Yeah … for my two or three semi-irregular readers who’ve possibly wondered why I haven’t been posting as semi-frequently as before, well (no pun intended?) I’ve been out “in the field” for almost three weeks. July 11 my work-mate asked if I could fill in on a plug-and-abandon (P&A, of old gas and oil wells) job he’d been overseeing. I thought it might last a half week or so.
After the first weekend, and when it seemed like this could take a while, I started to feel more than my usual depressed. Especially so when, previously, I had been going for a few days each week without beer or other similar hydration-recovery substances with a bit of sedative inherent and imbued in the mix.
Oh well … (another “well” — can’t get away from it, can(‘t) we?)

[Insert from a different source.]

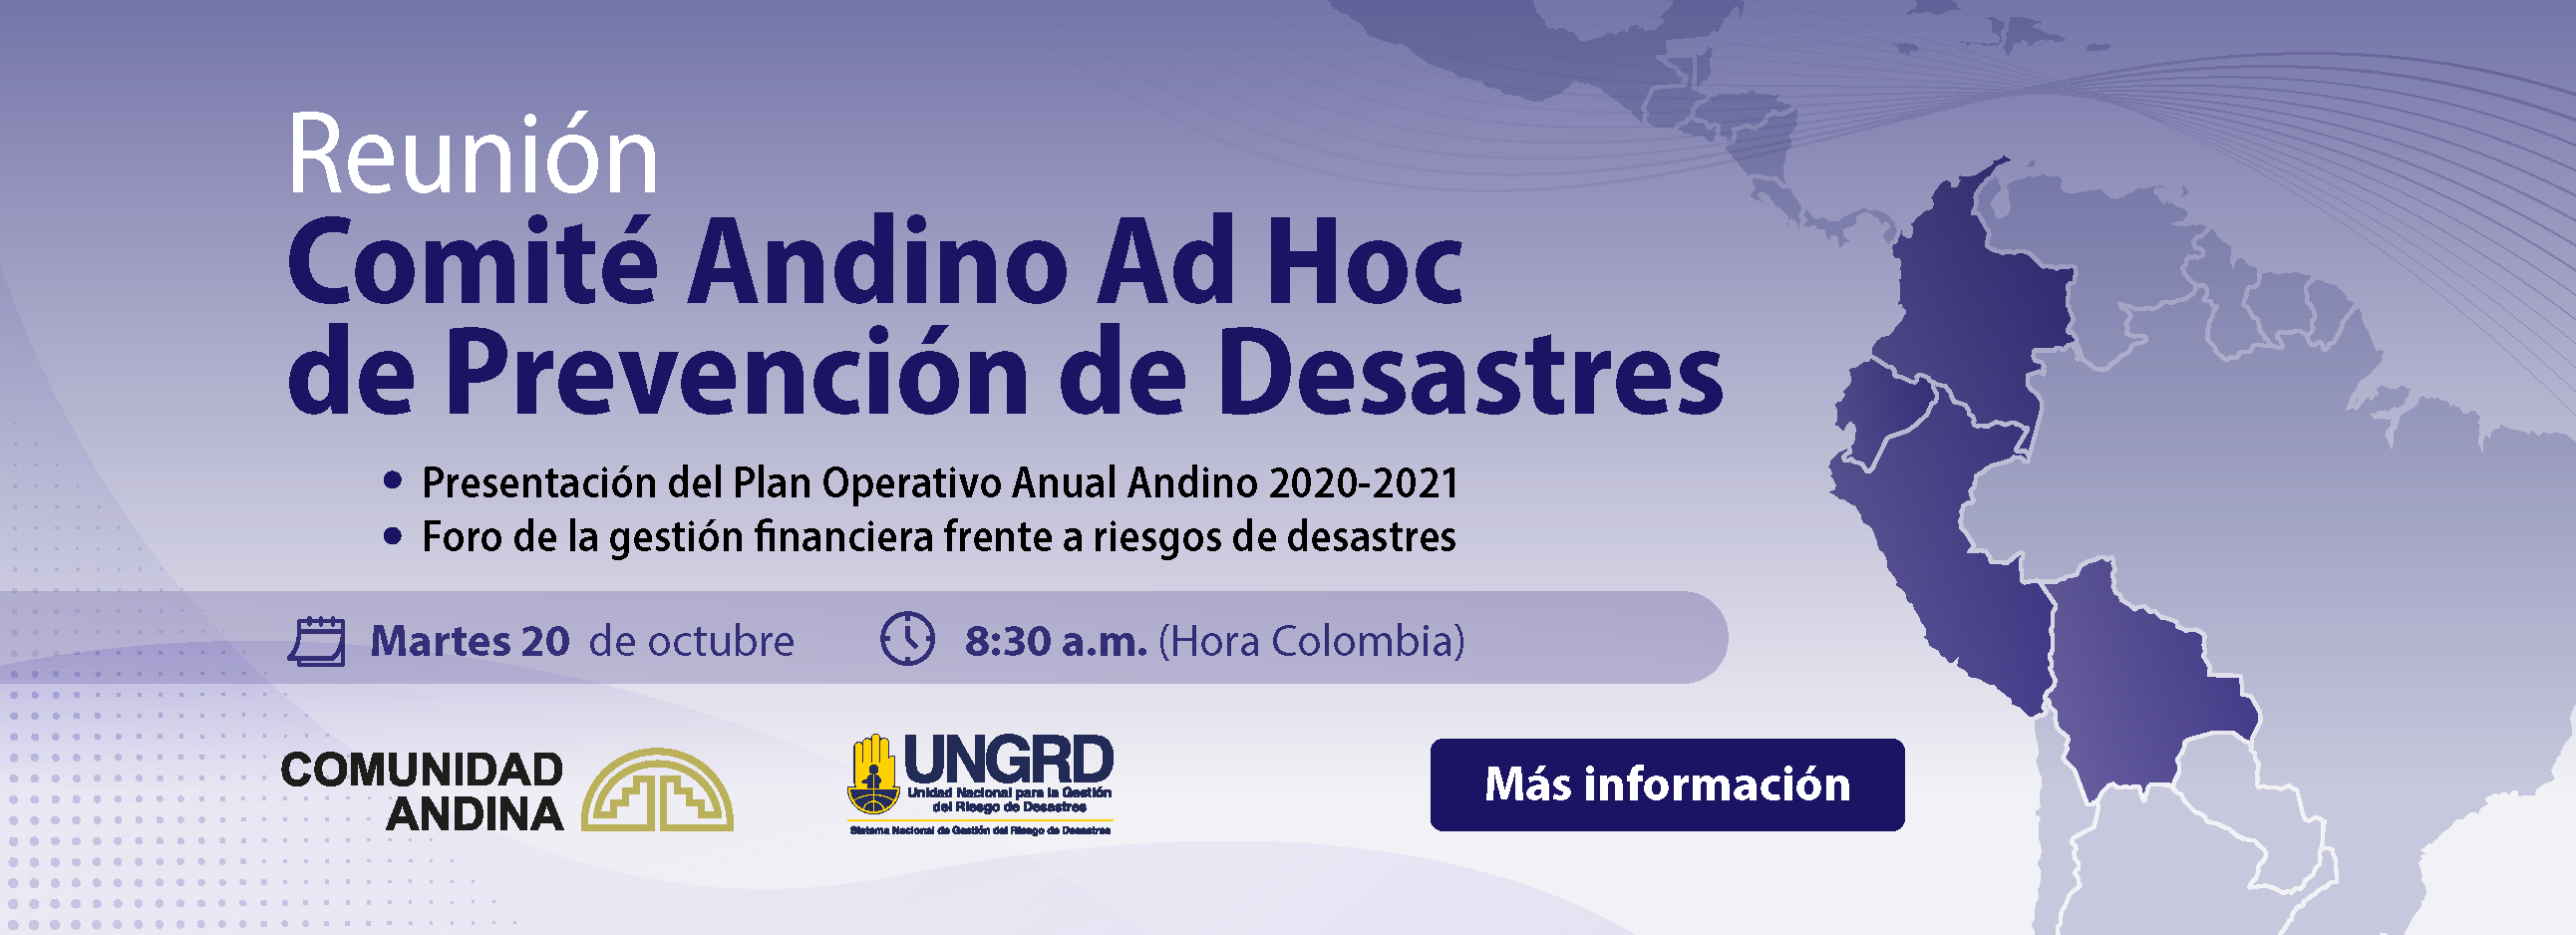 Comité Andino Ad Hoc de Prevención de Desastres 2020.

And so, I decided that there were NO DAYS OFF FROM DRINKING BEER as long as this thing lasted. I would start to cheer up, appreciably, each day at mid-afternoon — just thinking about it. When life gives you lemons … drink beer. And*
This ain’t a “big” drilling rig, but we drill anyway. We’ve been trying to P&A this old leaky well near the town of DeBunque for a while now. We’ve got the “A” team drilling company (but why the “C” team Engineer?) Oh(yl) well, makes it more challenging. Besides, I’ve got back-up a phone call away …
Sometimes it seems slow, but we need a full and competent crew when things get complicated. Sometimes they even ask me to help! I’m still somewhat useful with a shovel, or the occasional wrench, or reporting on what various fluid lines and tanks are doing.
We drill and drill …
And! not at all related to THIS JOB — a hitherto dormant ancient gas well in a pasture about 1/4 mile away started leaking. We split the crew and part went to fix that, before the gnarly-nasty-waterflow reached people’s gardens another 1/4 mile or so down-valley. Didn’t exactly liven up a dull day, but we had the satisfaction of two jobs at the same time — and “saved” a few organic gardens while we were at it. Note the references in the note, following, about the “waterflow.”
Finally! we near our objective and call for the cementers to come out. I tried to summarize our status in an email to interested? and otherwise parties back at the offices —
I left a message with Mark earlier today with the update on the “Waterflow”.
DeBunque “Waterflow”:– up until mid-day today Olivivas Energy Services and I thought that the source of the ‘water-flow’ was a one-inch metal pipeline, which had ruptured. We dug down and thought that we had identified a specific leak and were pursuing a plan to cap the leak. We then discovered that the waterline was connected to a well. This line was connected via a connection out of the top of a Larkin wellhead (Joaquim Guzman (Olivivas) provided this identification). Although it was “somewhat challenging” Joaquim installed a 3-foot metal pipe into the wellhead with a shut-off valve. I conveyed the current status to the property owner. We (Olivivas and I) consider the waterflow problem as “temporarily” solved. By ‘temporary’ I mean that the next step would be P&A of the actual well. Of course, this contingency would not occur until next year, at the earliest. I am fairly sure that the property owner is cognizant of this, and has (so far) been quite accomodating and appreciative of our efforts.
Pasture #1: as of the end of the workday, today, we have about 30′ to reach TD. If we don’t encounter unforeseen difficulties, we should reach TD mid-day tomorrow or earlier. I don’t know the exact details of the cement plan which Kevin and Halliburton have agreed-on. (This is my fault, as I should have conducted a COGIS database search to find this). So … I’ll arrange for the cement job Monday a.m. (Of course this may (and probably will) be subject to change).
If this time-table is not severely changed, I should be in the office Tuesday (July 30) to start to enter whatever official inspection and PM reports — I would appreciate guidance and suggestions as to content, etc.
Thanks for your continuing patience and help so far,
N W Area Engineer
*After a couple or three beers, it’d be time to back off on the quantity of hydration and step up on the quality of the sedatives.